Agha Shahid Ali (4 February 1949 – 8 December 2001) was an Indian-born poet, of Afghan and Indian descent, who immigrated to the United States, and became affiliated with the literary movement known as New Formalism in American poetry. His collections include A Walk Through the Yellow Pages, The Half-Inch Himalayas, A Nostalgist's Map of America, The Country Without a Post Office, and Rooms Are Never Finished, the latter a finalist for the National Book Award in 2001.

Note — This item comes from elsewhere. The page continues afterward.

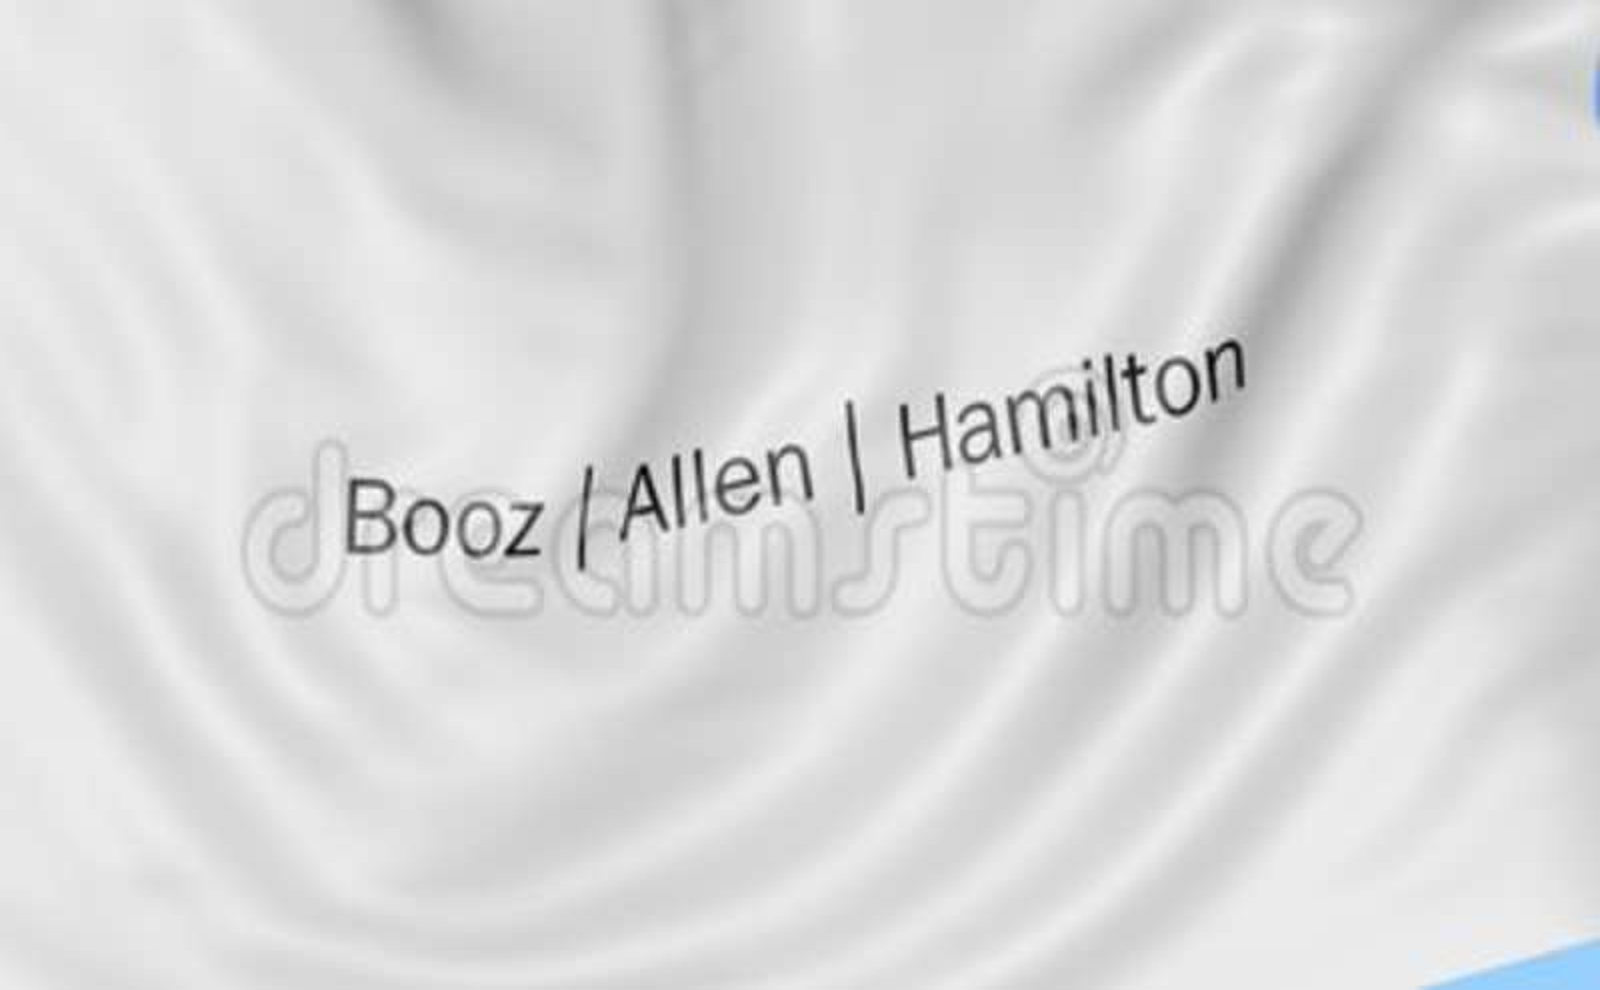 Waving Flag With Booz Allen Hamilton Logo Seamles Loop 4k Editorial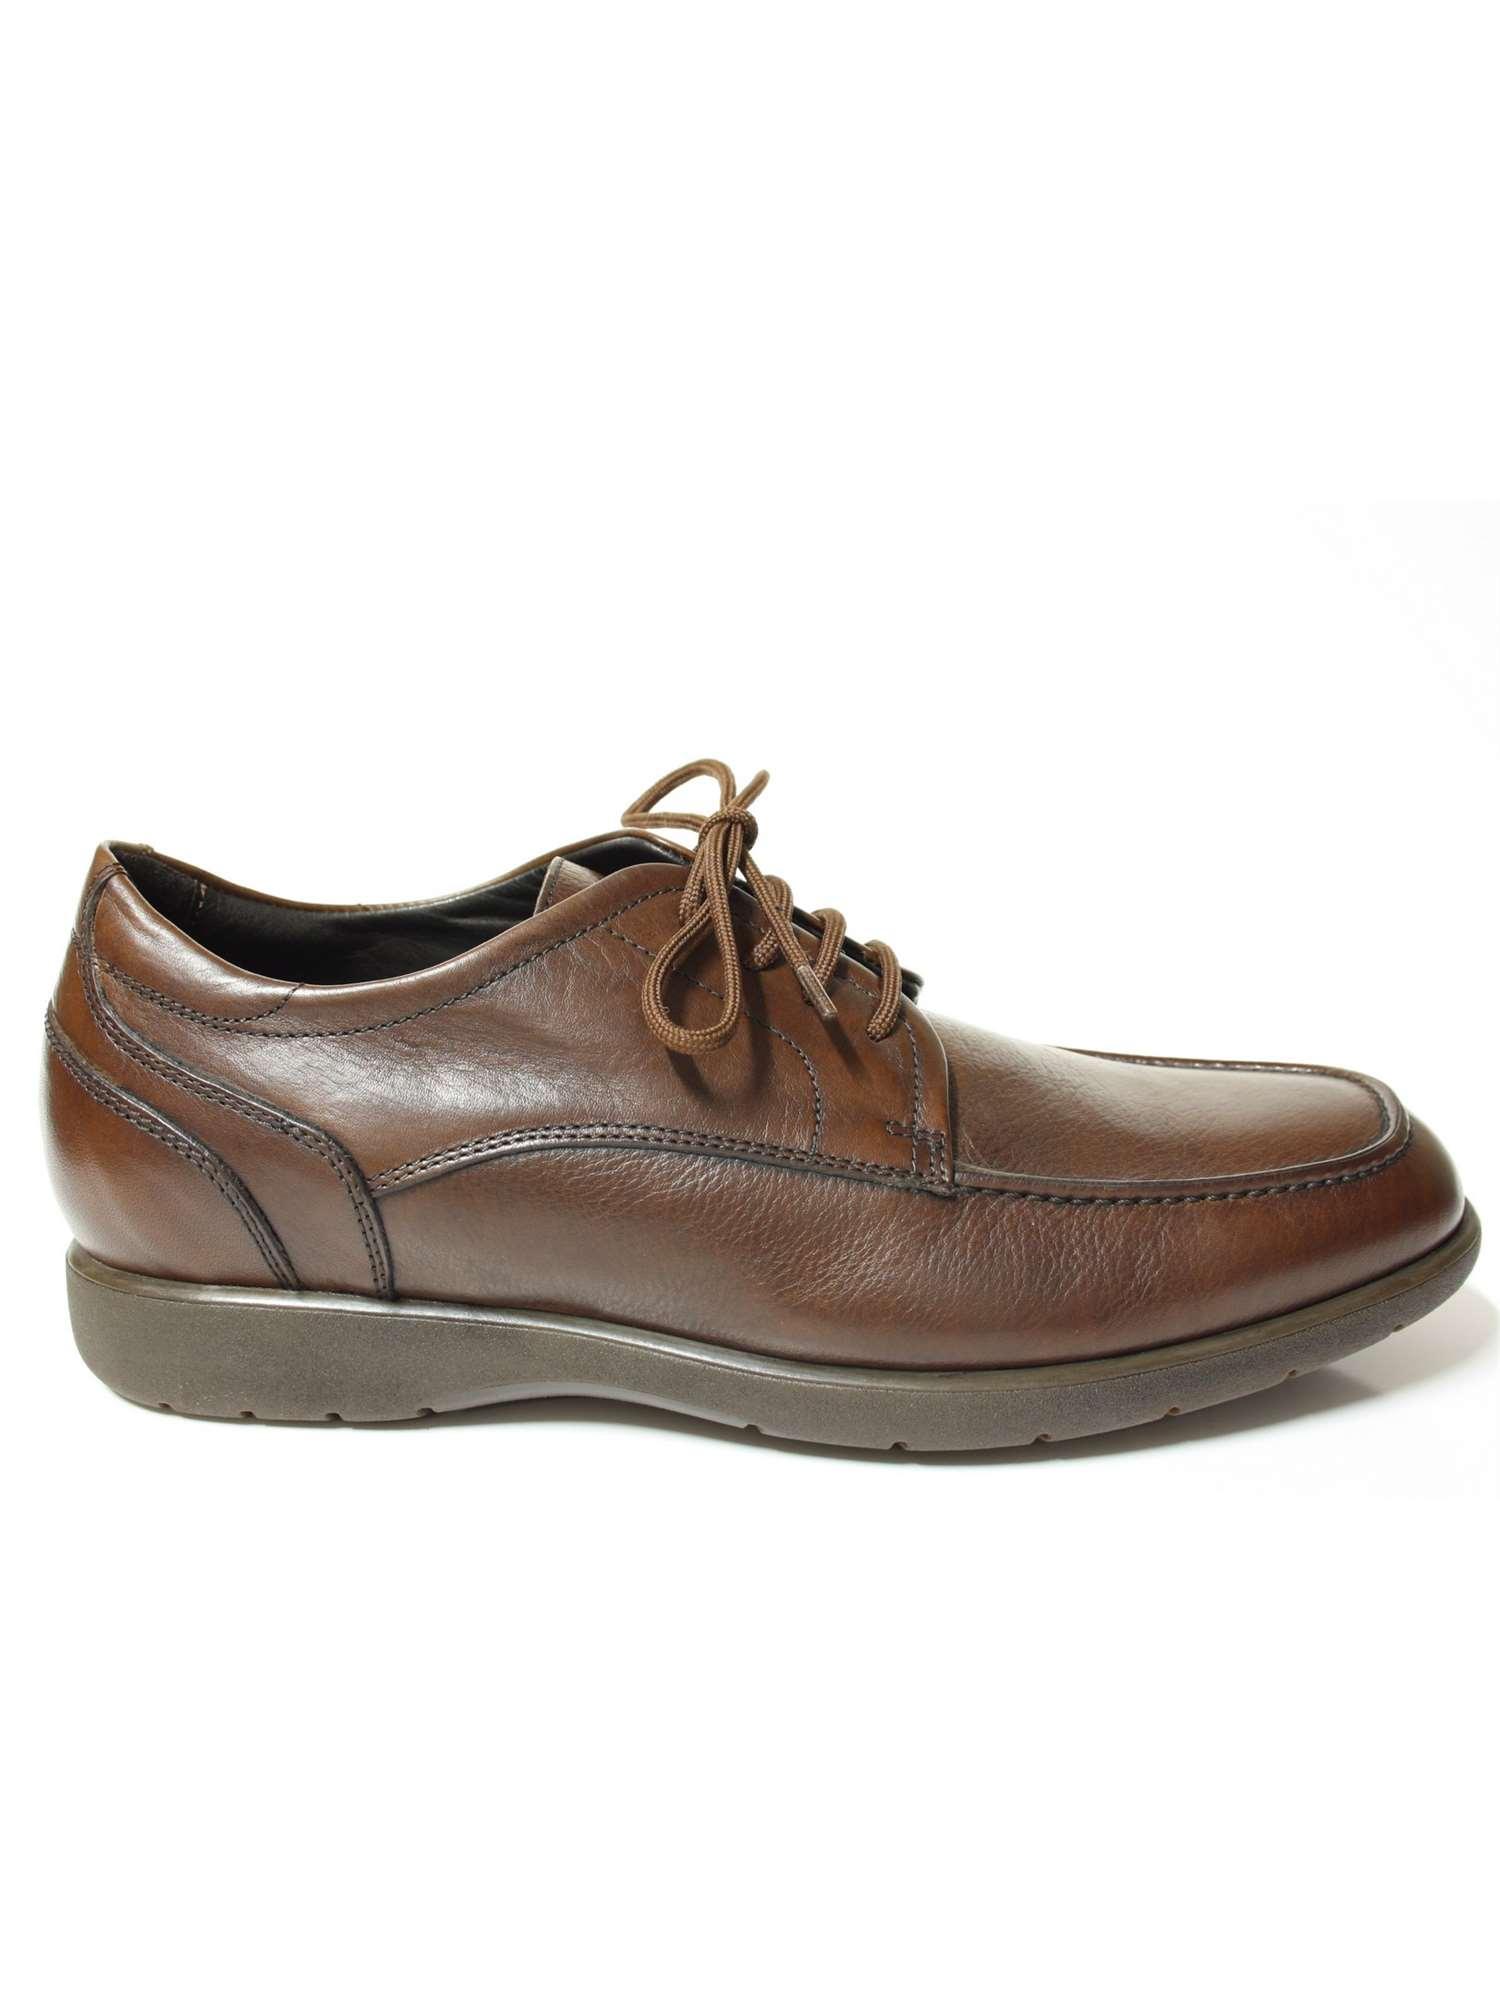 Lion Shoes 10600 Marron Scarpe Uomo 0cd9d8e3985

The University of Utah Press awards the Agha Shahid Ali Poetry Prize annually in memory of this "celebrated poet and beloved teacher."

Early life and education
Agha Shahid Ali was born on February 4, 1949, in New Delhi, East Punjab, Dominion of India, into the illustrious Afghan Qizilbashi Agha family in Srinagar, Kashmir. He grew up in India's Kashmir Valley, and left for the United States in 1976. Shahid's father Agha Ashraf Ali was a renowned educationist. His grandmother Begum Zaffar Ali was the first woman matriculate of Kashmir. Shahid was educated at the Burn Hall School, later University of Kashmir and Hindu College, University of Delhi. He earned a PhD in English from Pennsylvania State University in 1984, and an M.F.A. from the University of Arizona in 1985. He held teaching positions at nine universities and colleges in India and the United States.

Shahid was born a Shia Muslim, but his upbringing was secular. Shahid and his brother Iqbal both studied at an Irish Catholic parochial school and, in an interview, he recalled that: "There was never a hint of any kind of parochialism in the home."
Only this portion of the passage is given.